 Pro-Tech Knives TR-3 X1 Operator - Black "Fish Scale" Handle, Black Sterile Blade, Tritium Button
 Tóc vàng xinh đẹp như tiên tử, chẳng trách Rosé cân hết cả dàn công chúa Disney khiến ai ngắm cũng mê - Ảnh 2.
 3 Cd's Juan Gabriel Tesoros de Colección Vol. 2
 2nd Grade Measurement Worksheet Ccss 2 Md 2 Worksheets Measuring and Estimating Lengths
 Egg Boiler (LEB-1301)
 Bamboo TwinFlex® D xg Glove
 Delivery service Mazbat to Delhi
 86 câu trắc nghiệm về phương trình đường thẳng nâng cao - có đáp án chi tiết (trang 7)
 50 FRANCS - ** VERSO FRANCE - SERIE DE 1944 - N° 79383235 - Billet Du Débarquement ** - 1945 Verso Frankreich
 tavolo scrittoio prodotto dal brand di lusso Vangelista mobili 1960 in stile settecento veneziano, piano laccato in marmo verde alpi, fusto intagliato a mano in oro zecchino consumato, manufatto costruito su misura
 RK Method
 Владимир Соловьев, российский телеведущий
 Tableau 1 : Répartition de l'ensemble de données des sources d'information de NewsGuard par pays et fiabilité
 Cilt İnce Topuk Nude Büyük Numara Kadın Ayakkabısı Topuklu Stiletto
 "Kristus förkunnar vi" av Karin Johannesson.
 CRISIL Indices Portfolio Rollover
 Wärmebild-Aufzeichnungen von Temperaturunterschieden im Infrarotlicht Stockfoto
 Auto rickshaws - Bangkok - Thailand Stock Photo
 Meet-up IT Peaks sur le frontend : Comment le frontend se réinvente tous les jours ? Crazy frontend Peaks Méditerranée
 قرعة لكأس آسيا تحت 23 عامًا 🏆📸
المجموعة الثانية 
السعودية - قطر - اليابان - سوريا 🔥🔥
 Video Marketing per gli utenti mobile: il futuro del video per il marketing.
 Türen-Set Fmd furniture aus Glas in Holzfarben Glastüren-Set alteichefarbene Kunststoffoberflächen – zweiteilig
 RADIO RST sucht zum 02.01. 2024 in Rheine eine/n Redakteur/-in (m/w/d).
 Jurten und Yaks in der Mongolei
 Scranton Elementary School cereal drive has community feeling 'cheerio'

######

▶ Assigned task:
Return each line of the data exactly as it was given.

▶ Your solution:
 Pro-Tech Knives TR-3 X1 Operator - Black "Fish Scale" Handle, Black Sterile Blade, Tritium Button
 Tóc vàng xinh đẹp như tiên tử, chẳng trách Rosé cân hết cả dàn công chúa Disney khiến ai ngắm cũng mê - Ảnh 2.
 3 Cd's Juan Gabriel Tesoros de Colección Vol. 2
 2nd Grade Measurement Worksheet Ccss 2 Md 2 Worksheets Measuring and Estimating Lengths
 Egg Boiler (LEB-1301)
 Bamboo TwinFlex® D xg Glove
 Delivery service Mazbat to Delhi
 86 câu trắc nghiệm về phương trình đường thẳng nâng cao - có đáp án chi tiết (trang 7)
 50 FRANCS - ** VERSO FRANCE - SERIE DE 1944 - N° 79383235 - Billet Du Débarquement ** - 1945 Verso Frankreich
 tavolo scrittoio prodotto dal brand di lusso Vangelista mobili 1960 in stile settecento veneziano, piano laccato in marmo verde alpi, fusto intagliato a mano in oro zecchino consumato, manufatto costruito su misura
 RK Method
 Владимир Соловьев, российский телеведущий
 Tableau 1 : Répartition de l'ensemble de données des sources d'information de NewsGuard par pays et fiabilité
 Cilt İnce Topuk Nude Büyük Numara Kadın Ayakkabısı Topuklu Stiletto
 "Kristus förkunnar vi" av Karin Johannesson.
 CRISIL Indices Portfolio Rollover
 Wärmebild-Aufzeichnungen von Temperaturunterschieden im Infrarotlicht Stockfoto
 Auto rickshaws - Bangkok - Thailand Stock Photo
 Meet-up IT Peaks sur le frontend : Comment le frontend se réinvente tous les jours ? Crazy frontend Peaks Méditerranée
 قرعة لكأس آسيا تحت 23 عامًا 🏆📸
المجموعة الثانية 
السعودية - قطر - اليابان - سوريا 🔥🔥
 Video Marketing per gli utenti mobile: il futuro del video per il marketing.
 Türen-Set Fmd furniture aus Glas in Holzfarben Glastüren-Set alteichefarbene Kunststoffoberflächen – zweiteilig
 RADIO RST sucht zum 02.01. 2024 in Rheine eine/n Redakteur/-in (m/w/d).
 Jurten und Yaks in der Mongolei
 Scranton Elementary School cereal drive has community feeling 'cheerio'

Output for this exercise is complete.